While in seminary, I preached a sermon on this Gospel lesson that I still remember as one of my more mediocre moments in worship leadership. While the sermon itself could have used some improvement, I think that the point I preached holds true: we are all Lazarus. And we are all the rich man. Or at least, we have been at some point or another in our lives. Sometimes we are the poor person, desperately hoping for the goodwill of another to help make our lives a little easier. Sometimes we are the self-absorbed rich man, unwilling to see the need right in front of us, and even less willing to inconvenience ourselves with a response. Sometimes we are Lazarus, welcomed warmly into God’s presence, and sometimes we are the person finding ourselves unexpectedly in a place of torment.


Where are you today in relationship with this Gospel passage? Where is your congregation? What message does your community need to hear this week?

Other interesting points to note about Luke 16:19-31 are that the rich man is never named, even though the poor man is. Does this say something about God’s sense of who is truly important or valuable in the world? What does it mean that the man who is embraced by Abraham after death has the same name as the man Jesus raised from the dead? Perhaps there is no connection – or perhaps the name “Lazarus” is meant to remind us of that other man by the same name, who was so beloved by Jesus that he wept at his tomb and raised him back to life. Additionally, this parable is unique to Luke. How does this story fit in with Luke’s overarching themes of wealth and justice for the poor, and inclusion for all people?

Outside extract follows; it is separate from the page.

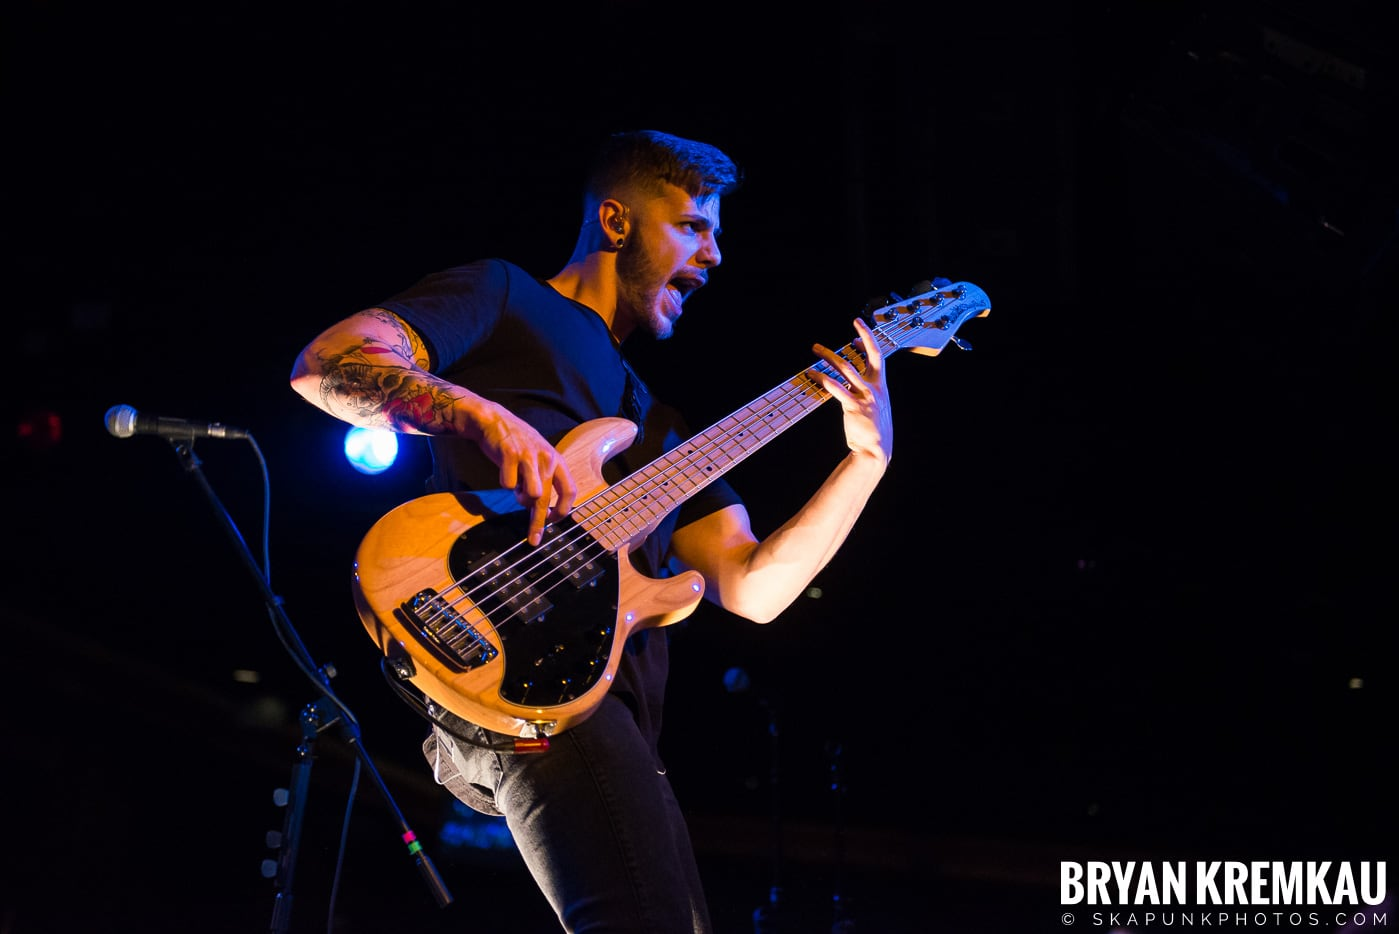 Ballyhoo! @ Starland Ballroom, Sayreville, NJ - 11.23.18 (12)
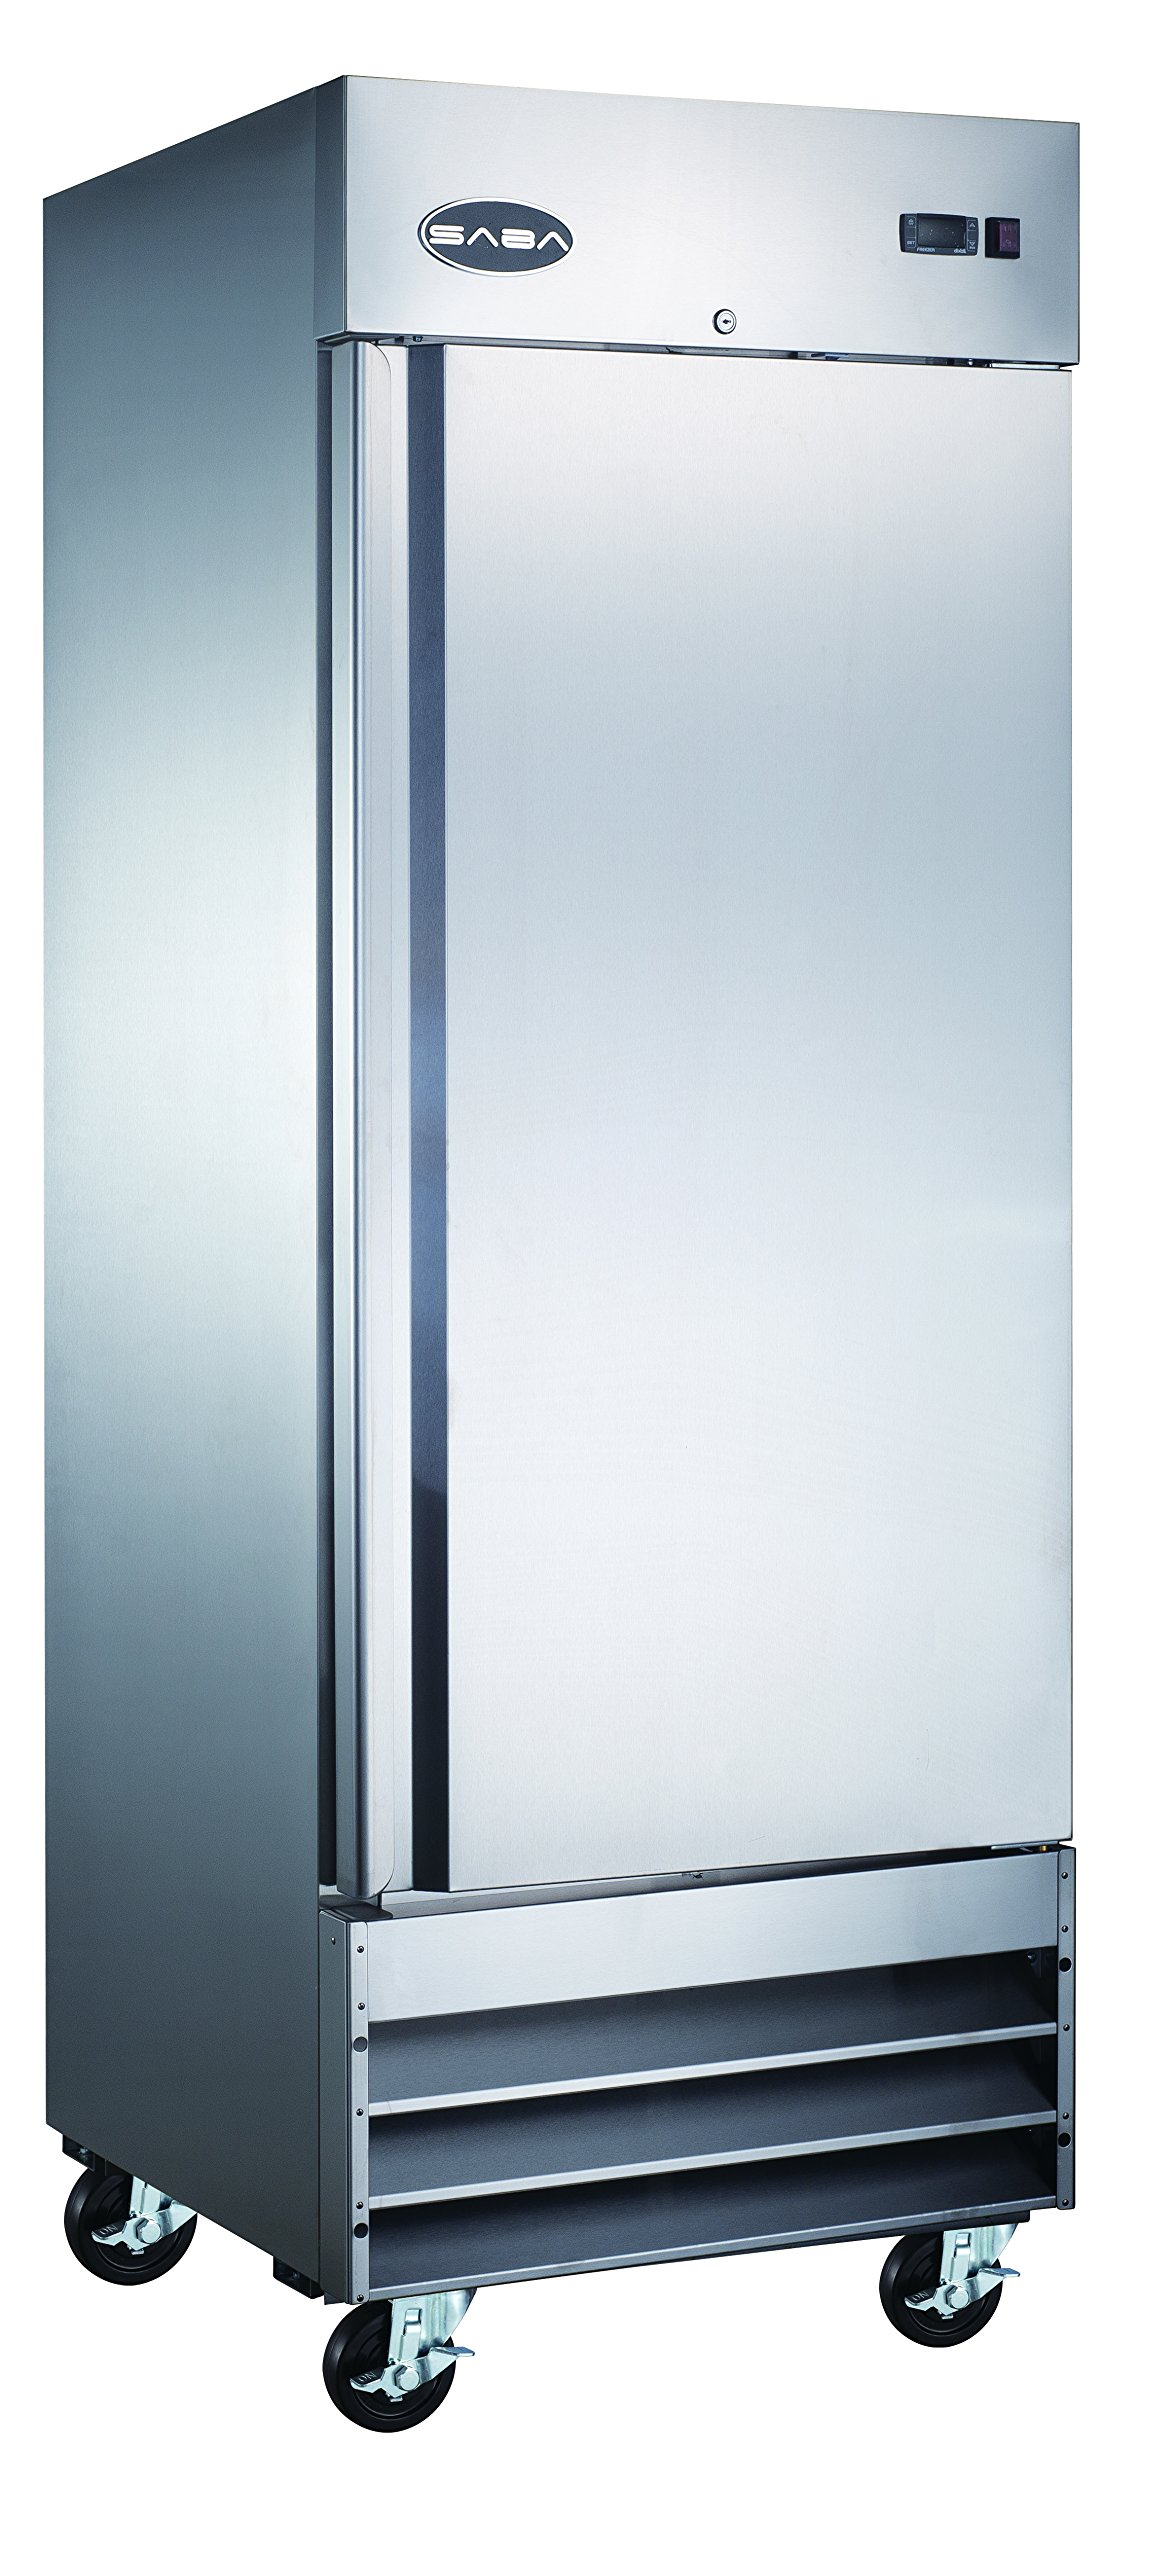 SABA One Solid Stainless Steel Door Reach-In Refrigerator by SABA Restaurant Utopia

Other RCL texts for this weekend include a passage from Jeremiah 32 that would frighten even experienced lectors! If you can get past all the complicated names of people and places, you hear the good news that it is time to settle in and buy some land, because God is going to restore the people to Judah. Psalm 91 gives beautiful imagery of God’s protection and salvation to all who “abide in the shadow of the Almighty.”

The RCL also offers a choice from Amos 6, prophesying the demise of the wealthy who avoid the poor in their midst. Psalm 146 sings praises to God, listing some of the highlights of God’s interaction with humankind.

1 Timothy 6 carries a possible connection to the Luke passage, reminding us that we brought nothing into this world and can take nothing out of it. Rather than money, faithful people are to pursue godliness, love, gentleness, and all kinds of other admirable characteristics. A lofty goal but a good one – so how can you encourage folks to work towards it?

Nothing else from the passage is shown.